There were variations in flow, but the EC-Drill system was capable of maintaining a riser level of 150 to 200 meters with 1,650-gal/min flow in the 17 ½-in. section, which was above expectations, and ROP was demonstrated to increase when decreasing BHP.
In a technique called managed pressure cementing, the EC-Drill system was also used while cementing the 13 3/8-in. casing to control BHP. In deepwater drilling where there’s a narrow margin, inevitable pressure makes it difficult to cement the casing or liner in place, potentially resulting in losses, Saiful Anuar Sabri, onsite drilling engineer for PETRONAS, said. “This system lowers the pressure level such that you can circulate prior to the cement job, and when the heavy cement goes through the shoe and starts rising in the annulus, you can drop the level further to eliminate that pressure you get during cementing. It’s the difference between a good cement job and one with losses. We applied the EC-Drill during cementing, and it was very effective.”
One lesson learned was that because of the abnormally high pressure differential at the casing-running tool caused by the reduced riser level, a much higher set-down weight than normal was required to set the seal assembly. This was initially not taken into account, and first attempts therefore failed. After applying sufficient weight, the seal assembly was successfully set and tested.

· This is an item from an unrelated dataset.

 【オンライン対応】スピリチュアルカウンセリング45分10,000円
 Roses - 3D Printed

“If there is ever a seventh generation of deepwater rigs, such a system should be standard equipment because it has benefits in any deepwater drilling scenario,” Mr Ziegler concluded. “Industry has understood that DGD is a game changer for deepwater drilling, and there have been a whole series of field trials with complex systems, but the system that we have now developed with AGR is a simple system that can also be easily retrofitted on an existing rig.”

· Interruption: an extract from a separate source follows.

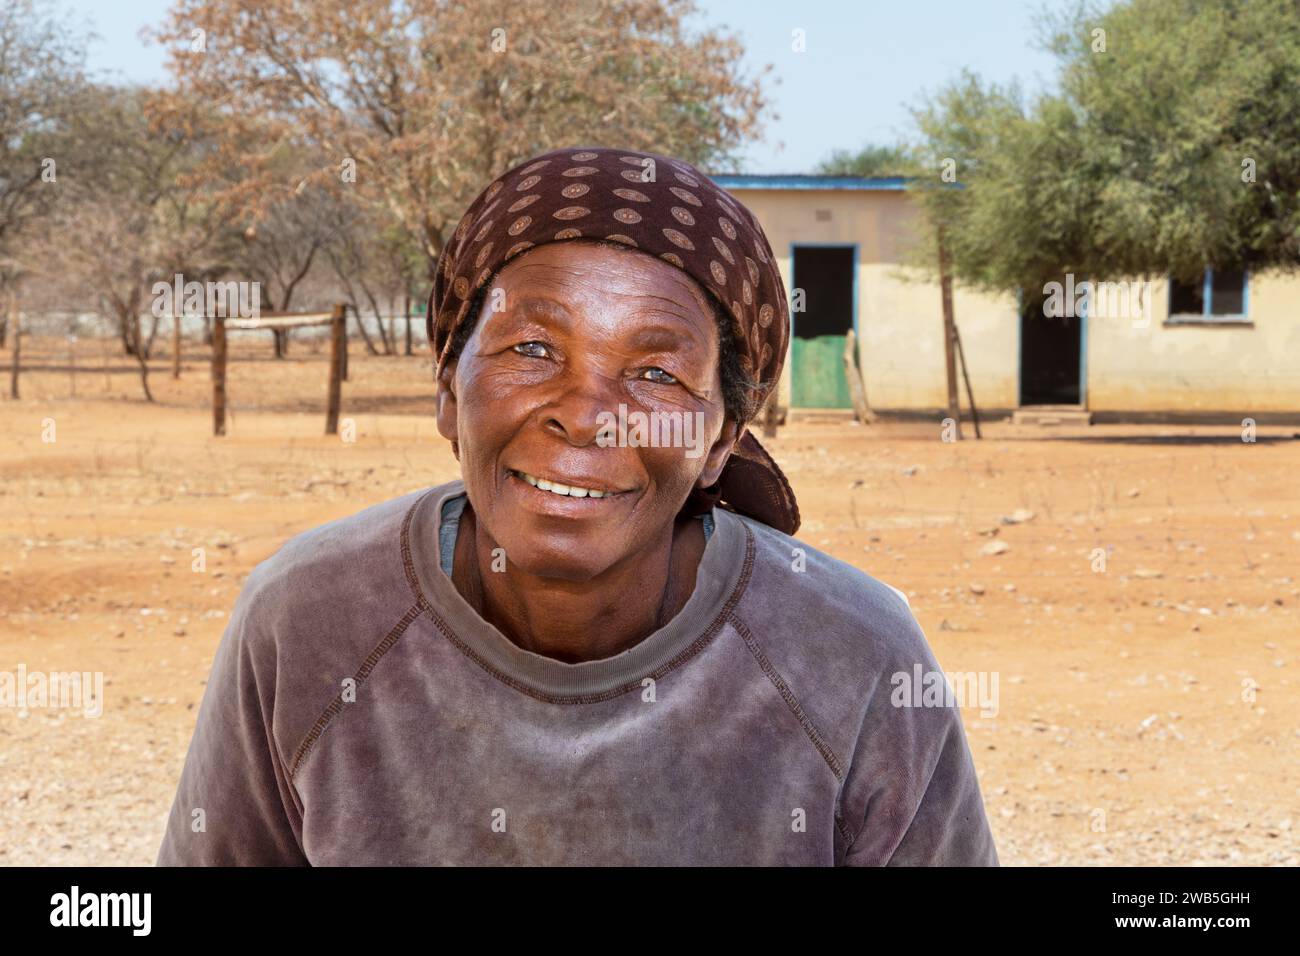 portrait de vieille femme africaine dans le village, maison en arrière-plan Banque D'Images

The C-1 well was drilled using conventional methods of influx detection (Schlumberger/GeoServices Early Kick Detection System, PVT readings of the active system, and gas/salinity levels in return flow), and because the EC-Drill pump is installed below the slip joint, the return flow is not affected by vessel motion. In addition, the power consumption of the subsea pump module’s centrifugal disk pumps was monitored since it’s directly related to the volume of the mud pumped. Therefore, variations of the power consumption serve as a kick/loss detection instrument with steady-state flow-in. This kick/loss detection capability is within a single barrel, considered a major breakthrough on a floating rig.

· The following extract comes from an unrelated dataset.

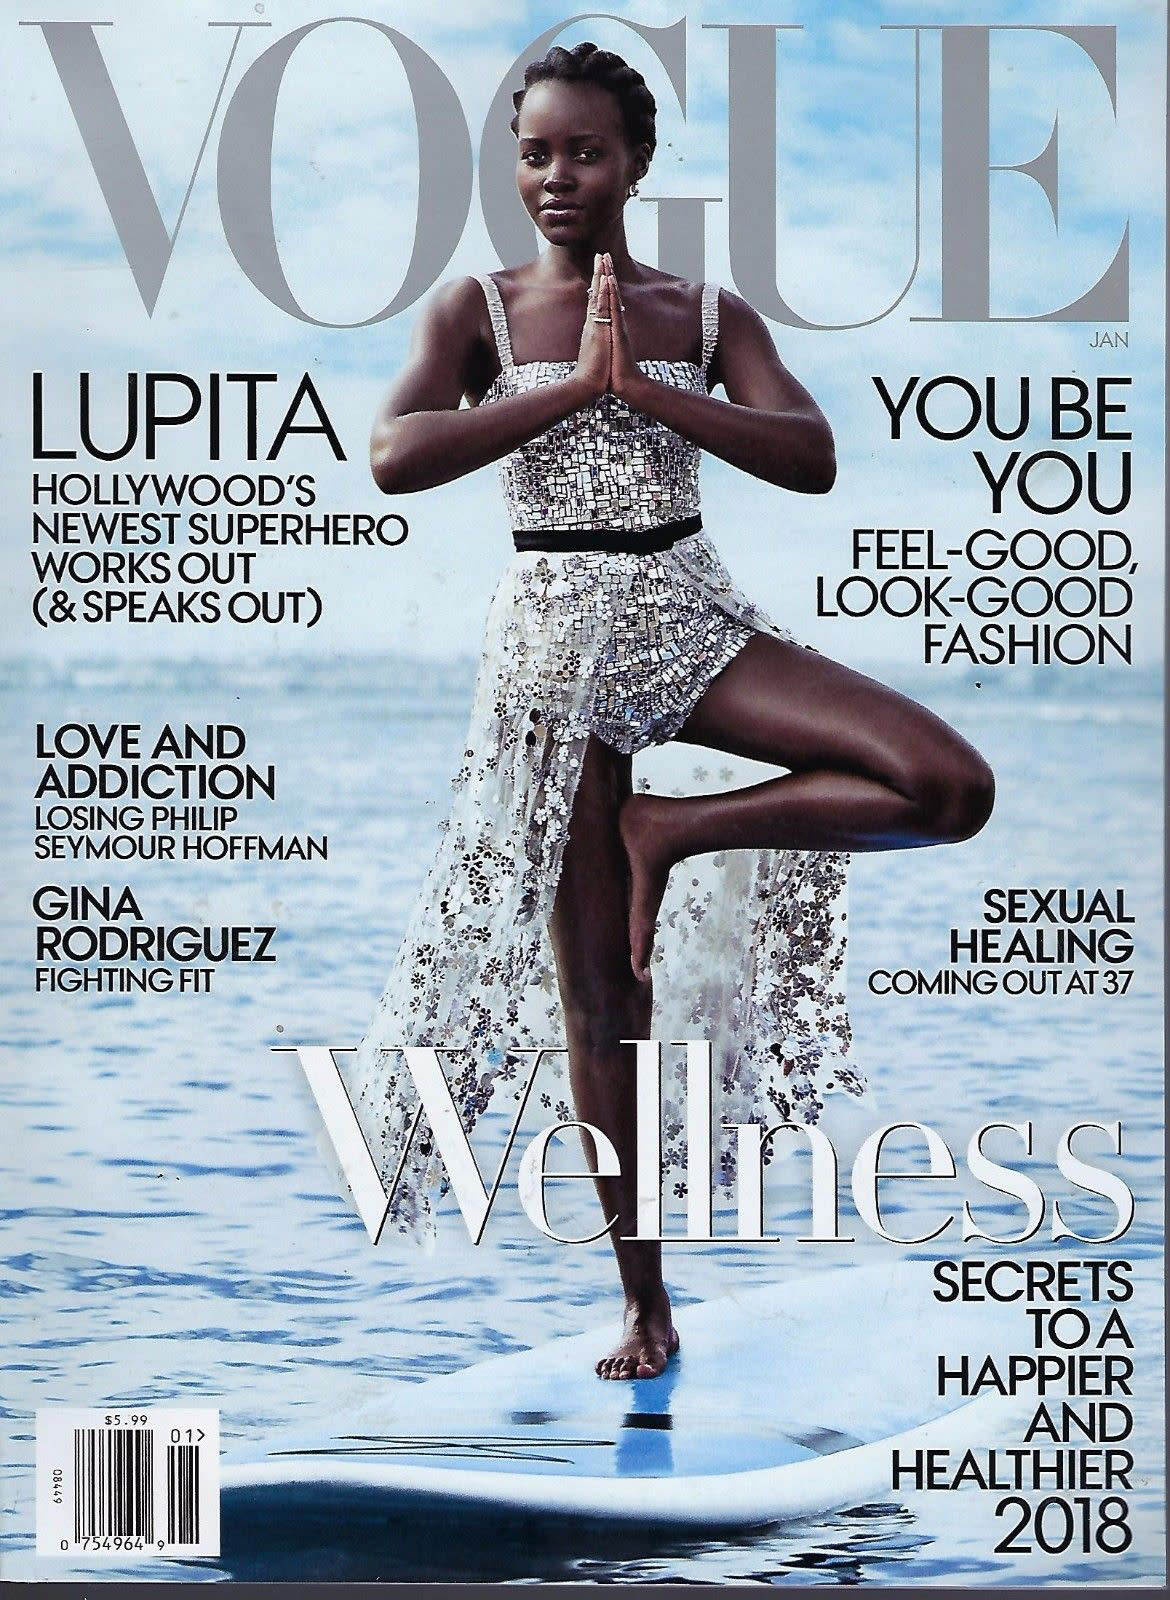 Vogue Wellness Cover

There were zero incidents relating to influxes into the wellbore while the EC-Drill system was in use, and the mud weight was always maintained high enough to ensure that loss of the mud pumps would not lead to the wellbore becoming underbalanced.
This article is based on a presentation at the 2013 IADC/SPE Managed Pressure Drilling and Underbalanced Operations Conference & Exhibition in San Antonio, Texas, 17–18 April 2013, by Robert Ziegler, Paul Ashley, Saiful Anuar Sabri, M. Ramdan Idris, PETRONAS; Roar Fredrik Malt, Roger Stave, Kjell Rune Toftevåg, AGR EDS-ORS.